One of the leading artists of the contemporary avant-garde, Seth Price has produced a cutting-edge body of work that excavates, destabilizes and re-presents the mechanics of consumption. Throughout a diverse body of work that includes sculpture, paintings, video and written work, Price questions how the goods we purchase can condition and even define our reality. The artist often appropriates pirated or bootlegged materials, such as music, written texts and other media sourced from the internet, in order to circumvent the traditional sources of appropriation in art. In fact, one of the defining characteristics of Price’s oeuvre is its isolation and examination of the salient aspects of the commercial industry—namely, how goods are made, distributed and assigned value—undertaken in order to hold a mirror up to our consumer culture, and illuminate the often unnoticed operations of desire. Price continues these investigations in the present work, a conceptual tour de force that criticizes commodity fetishization through its use of materials and the culturally loaded icon of the rebel’s bomber jacket.

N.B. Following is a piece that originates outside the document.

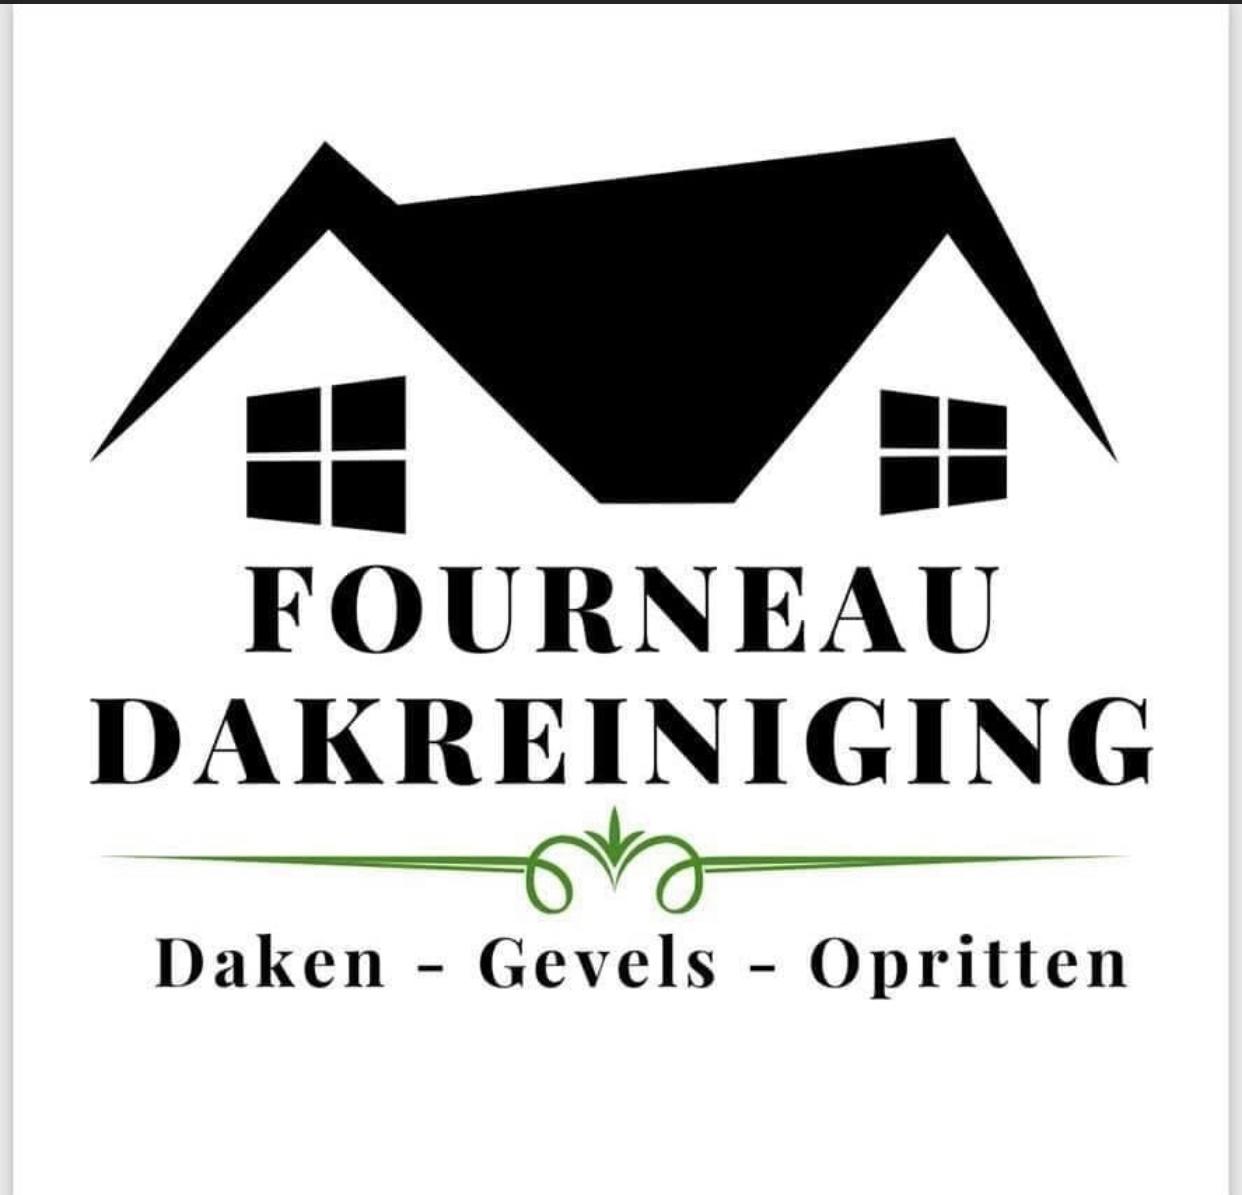 DAKREINIGING FOURNEAU

In Untitled, Price has masterfully manipulated plastic to mimic a revered oil painting, or the medium that for many years has represented the most sacred, celebrated and valued visual art form. Like canvas pulled taught over stretcher bars, the jacket is confined within the bounds of the polystyrene, and the year of the work’s manufacture, 2006, is emblazoned at the bottom and stands in for the artist’s signature and inscription. The reverse of the work shows the impressions where the jacket and the numbers 2006 pushed into the polystyrene, similar to the way the back of a painting reveals important clues to the artist’s technical practices. Untitled, furthermore, is of the size, proportions and scale of a painting, and it is intended to be installed on a wall. Its monochromatic surface recalls the landmark paintings of Yves Klein, Ad Reinhardt and Robert Ryman, while its curled ends suggest the shaped canvases of Ellsworth Kelly and Frank Stella. Yet, as seductive and illustrious as the present work is, the fact that it is made from an undeniably humble and unconventional material—plastic—is inescapable and in fact intrinsic to Price’s sophisticated construction.

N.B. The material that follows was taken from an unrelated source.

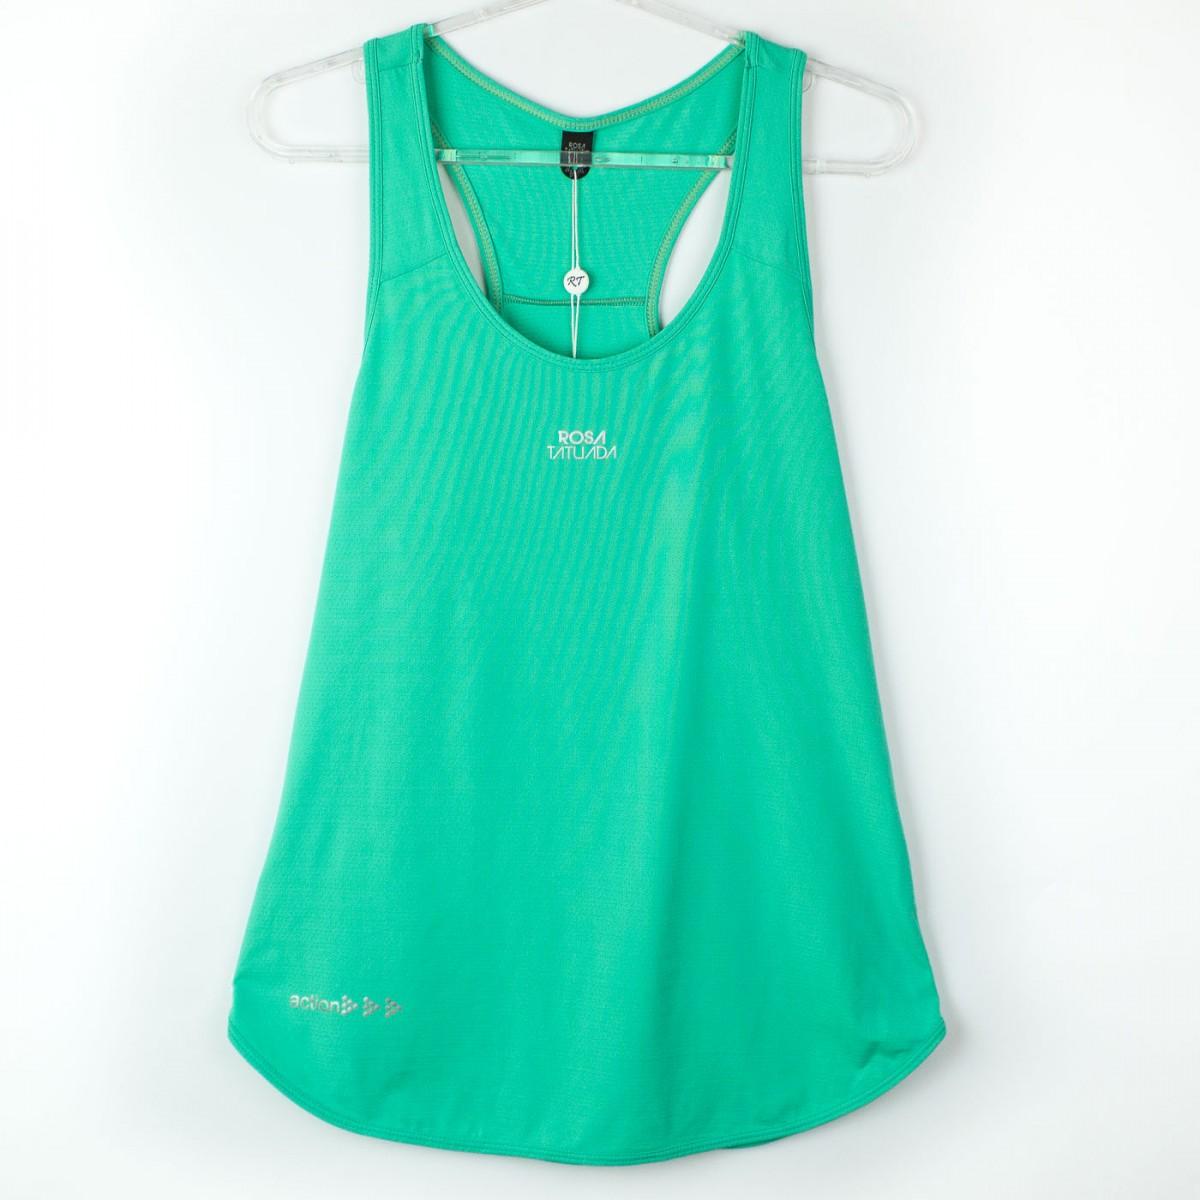 Bizz Store - Regata Feminina Rosa Tatuada New Trip Fitness 3610 7305bff6b69

A pervasive material in the contemporary world, plastic is found everywhere, in products that include water bottles, shoes, cars, buildings, spacecraft and much more. Plastic is utilitarian and a chief material in commodified objects, and it is largely synthetic, removed from human hands and popular conceptions of what is “natural.” Yet plastic is also incontrovertibly an accepted part of daily life. With its low cost and ease of manufacture, and its ability to take many shapes and forms, plastic is the material of the modern era, and its versatility has led it to surpass in use such conventionally favored materials as wood, stone, metal and glass. Price’s use of vacuum-formed plastic in Untitled, therefore, is of special significance.

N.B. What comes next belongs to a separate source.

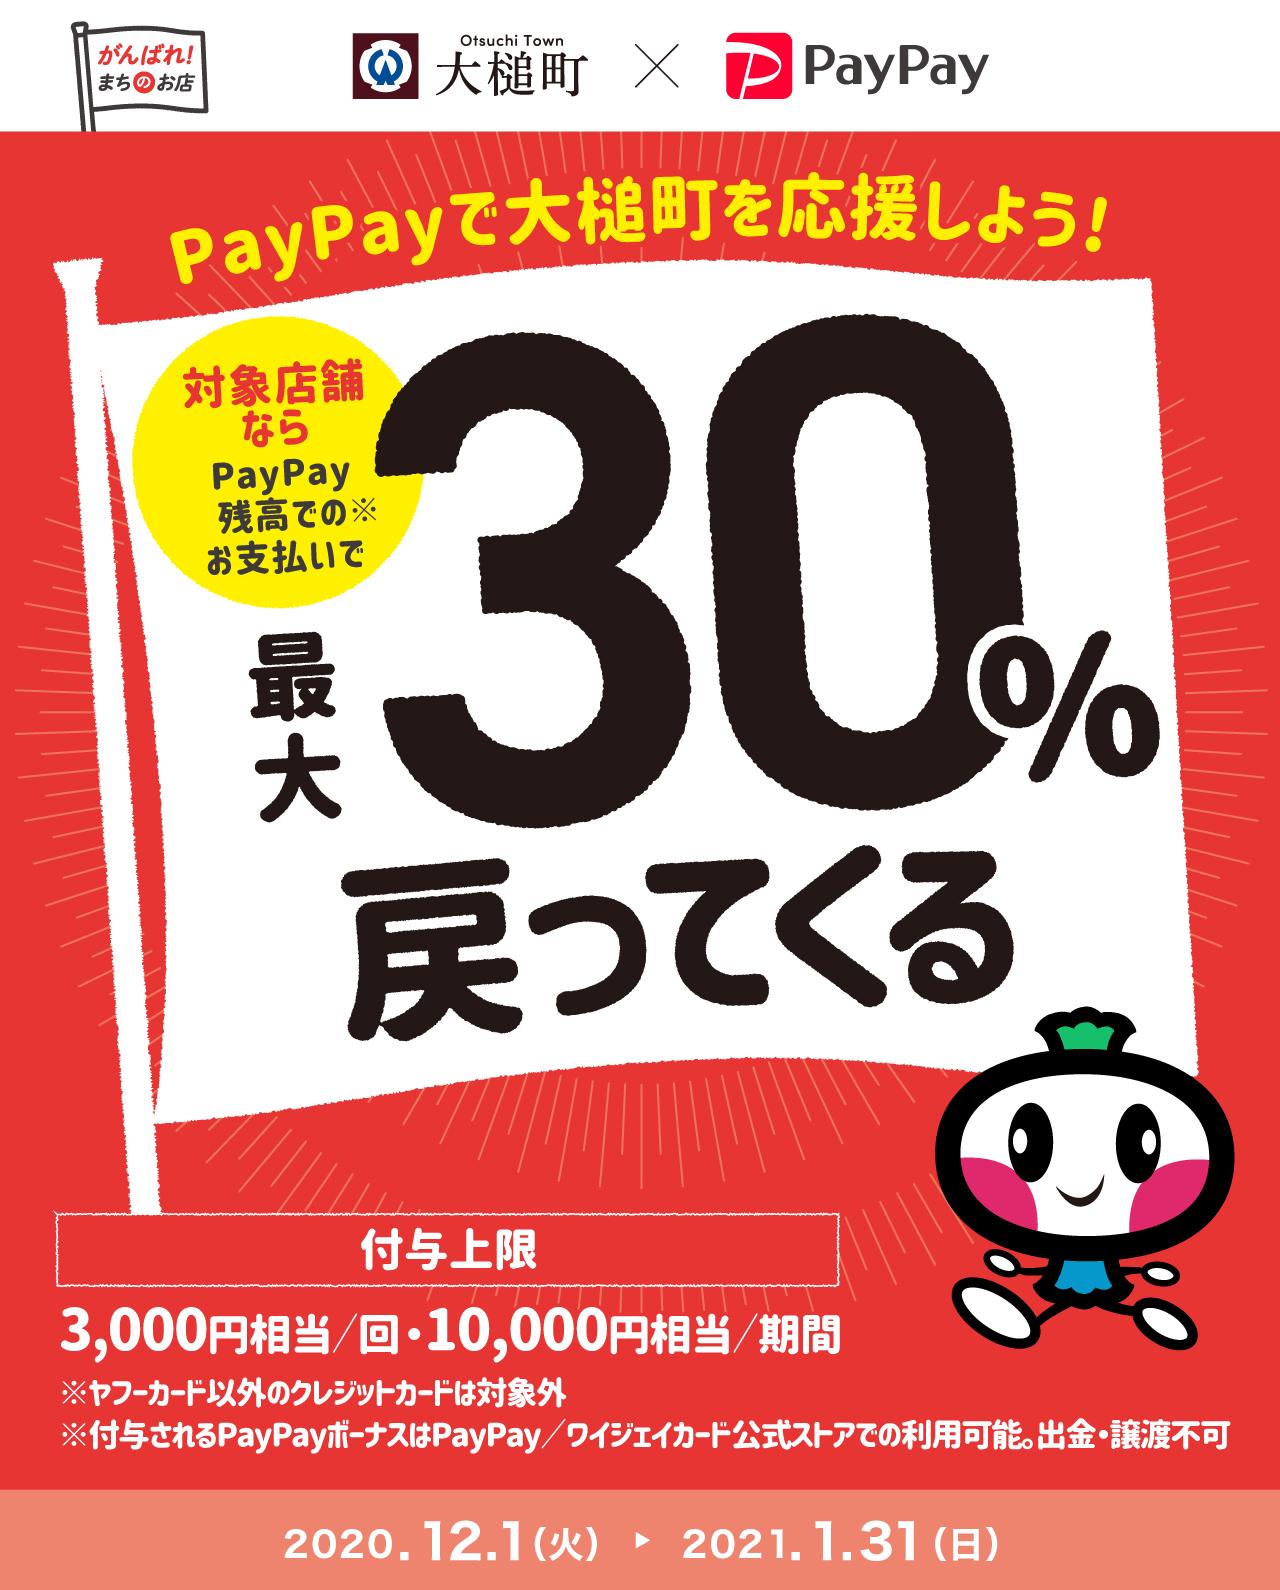 PayPayで大槌町を応援しよう! 対象店舗ならPayPay残高でのお支払いで 最大30%戻ってくる

Commonly used for product packaging, vacuum-formed plastic is, in the commercial realm, a negligible material and one that is discarded after the newly obtained good has been unwrapped. Rarely do we notice packaging as an object on its own, existing as an item of value independent of the product it encases. In Untitled, however, Price has brilliantly destabilized this typical mode of consumption by isolating and elevating the material to a work of fine art—and a richly luxurious one at that. Untitled not only references the gloried tradition of modernist painting, but it also emulates the appearance of gold, a material of wealth and status.
As illustrated by Price’s skilled handling of materials and formal qualities, Untitled is underpinned by a mature conceptual framework inherited from Marcel Duchamp. Referencing Duchamp’s readymade, Untitled utilizes pre-existing "non-art" objects: the bomber jacket and synthesized plastic. As such, it draws from Duchamp’s conviction that, independent of existing art world aesthetics and conventions, any item can be art. Tapping into this radical iconoclasm, Untitled represents the culmination of the Duchampian strategies of repudiation and subversion, and it signifies the next page in the avant-garde’s history of defying conventional art world dictums.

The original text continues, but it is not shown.